▶ **PROBLEM TO WORK ON**
Using the entries below, say how many of the lines carry "online". Write the number alone.

[Source data]

++++++++

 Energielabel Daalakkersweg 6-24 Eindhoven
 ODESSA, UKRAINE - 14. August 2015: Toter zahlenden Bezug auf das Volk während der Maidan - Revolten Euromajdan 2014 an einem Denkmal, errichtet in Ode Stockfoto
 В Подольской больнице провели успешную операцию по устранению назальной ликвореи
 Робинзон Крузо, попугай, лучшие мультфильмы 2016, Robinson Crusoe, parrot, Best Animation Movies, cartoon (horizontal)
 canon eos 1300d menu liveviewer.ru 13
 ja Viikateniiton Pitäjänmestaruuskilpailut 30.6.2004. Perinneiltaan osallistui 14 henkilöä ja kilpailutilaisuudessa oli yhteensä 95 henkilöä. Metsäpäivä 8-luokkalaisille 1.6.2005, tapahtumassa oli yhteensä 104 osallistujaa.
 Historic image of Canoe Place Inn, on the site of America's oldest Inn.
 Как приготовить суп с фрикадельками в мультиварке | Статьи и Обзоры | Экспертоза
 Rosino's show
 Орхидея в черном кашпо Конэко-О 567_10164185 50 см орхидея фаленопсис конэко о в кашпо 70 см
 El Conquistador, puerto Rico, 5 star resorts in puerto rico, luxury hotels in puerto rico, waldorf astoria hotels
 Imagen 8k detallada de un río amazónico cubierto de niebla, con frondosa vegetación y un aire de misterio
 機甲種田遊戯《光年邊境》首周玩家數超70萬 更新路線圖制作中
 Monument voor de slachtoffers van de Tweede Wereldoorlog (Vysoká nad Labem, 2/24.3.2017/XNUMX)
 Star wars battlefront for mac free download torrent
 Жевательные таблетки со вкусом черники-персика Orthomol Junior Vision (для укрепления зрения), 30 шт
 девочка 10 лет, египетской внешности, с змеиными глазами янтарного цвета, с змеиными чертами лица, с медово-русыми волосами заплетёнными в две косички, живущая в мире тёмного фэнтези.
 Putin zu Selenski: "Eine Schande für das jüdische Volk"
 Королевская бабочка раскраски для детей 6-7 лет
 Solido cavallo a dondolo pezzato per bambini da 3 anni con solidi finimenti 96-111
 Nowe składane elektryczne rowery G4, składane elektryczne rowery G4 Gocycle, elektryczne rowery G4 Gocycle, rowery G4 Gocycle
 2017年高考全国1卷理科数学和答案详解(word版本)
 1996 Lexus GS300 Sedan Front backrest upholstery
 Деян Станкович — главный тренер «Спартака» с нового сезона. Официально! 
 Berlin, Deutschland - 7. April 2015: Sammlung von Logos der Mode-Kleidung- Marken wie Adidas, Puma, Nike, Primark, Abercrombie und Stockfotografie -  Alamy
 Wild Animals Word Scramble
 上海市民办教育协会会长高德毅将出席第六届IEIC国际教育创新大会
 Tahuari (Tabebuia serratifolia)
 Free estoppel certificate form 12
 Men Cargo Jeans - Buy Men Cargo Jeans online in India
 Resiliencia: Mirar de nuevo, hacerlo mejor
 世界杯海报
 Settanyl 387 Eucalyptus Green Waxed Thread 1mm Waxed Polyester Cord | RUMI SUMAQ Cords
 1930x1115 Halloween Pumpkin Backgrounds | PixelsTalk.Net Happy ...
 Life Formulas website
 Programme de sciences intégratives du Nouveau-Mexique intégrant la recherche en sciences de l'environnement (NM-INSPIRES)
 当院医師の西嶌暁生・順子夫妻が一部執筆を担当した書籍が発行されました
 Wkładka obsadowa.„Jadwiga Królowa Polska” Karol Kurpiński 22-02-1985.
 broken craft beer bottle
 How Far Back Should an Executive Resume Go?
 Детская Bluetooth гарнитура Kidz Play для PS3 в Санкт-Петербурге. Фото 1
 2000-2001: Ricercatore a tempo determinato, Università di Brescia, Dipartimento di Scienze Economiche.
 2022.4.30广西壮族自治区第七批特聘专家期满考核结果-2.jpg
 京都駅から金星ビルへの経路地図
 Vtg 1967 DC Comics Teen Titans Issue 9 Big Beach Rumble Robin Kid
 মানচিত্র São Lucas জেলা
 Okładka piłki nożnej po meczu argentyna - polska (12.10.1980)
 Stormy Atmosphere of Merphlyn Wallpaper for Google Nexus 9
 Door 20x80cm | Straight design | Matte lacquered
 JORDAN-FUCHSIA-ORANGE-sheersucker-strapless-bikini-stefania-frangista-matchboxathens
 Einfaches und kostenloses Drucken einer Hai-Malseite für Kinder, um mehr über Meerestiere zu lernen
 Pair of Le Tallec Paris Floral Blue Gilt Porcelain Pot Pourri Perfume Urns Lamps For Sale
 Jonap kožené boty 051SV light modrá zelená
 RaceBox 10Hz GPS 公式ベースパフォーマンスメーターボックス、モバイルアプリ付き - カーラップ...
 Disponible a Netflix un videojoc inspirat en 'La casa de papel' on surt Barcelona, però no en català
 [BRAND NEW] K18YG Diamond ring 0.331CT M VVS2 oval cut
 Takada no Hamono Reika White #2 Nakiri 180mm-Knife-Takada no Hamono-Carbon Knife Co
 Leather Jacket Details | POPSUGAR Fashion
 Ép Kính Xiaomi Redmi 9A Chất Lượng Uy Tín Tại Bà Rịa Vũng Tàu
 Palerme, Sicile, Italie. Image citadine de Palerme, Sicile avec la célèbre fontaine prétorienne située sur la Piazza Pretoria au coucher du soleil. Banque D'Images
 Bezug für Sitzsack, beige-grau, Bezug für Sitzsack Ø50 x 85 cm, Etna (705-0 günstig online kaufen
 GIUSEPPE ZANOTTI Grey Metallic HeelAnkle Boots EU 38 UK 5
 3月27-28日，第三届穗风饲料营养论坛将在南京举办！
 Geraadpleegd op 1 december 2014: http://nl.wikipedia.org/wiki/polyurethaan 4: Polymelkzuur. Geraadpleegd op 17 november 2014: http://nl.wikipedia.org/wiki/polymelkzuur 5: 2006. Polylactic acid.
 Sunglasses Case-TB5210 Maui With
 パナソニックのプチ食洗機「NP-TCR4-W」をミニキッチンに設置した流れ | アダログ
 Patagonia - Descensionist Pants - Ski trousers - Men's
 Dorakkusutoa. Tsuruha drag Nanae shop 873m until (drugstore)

++++++++

▶ **SOLUTION FOR THIS EXERCISE**
2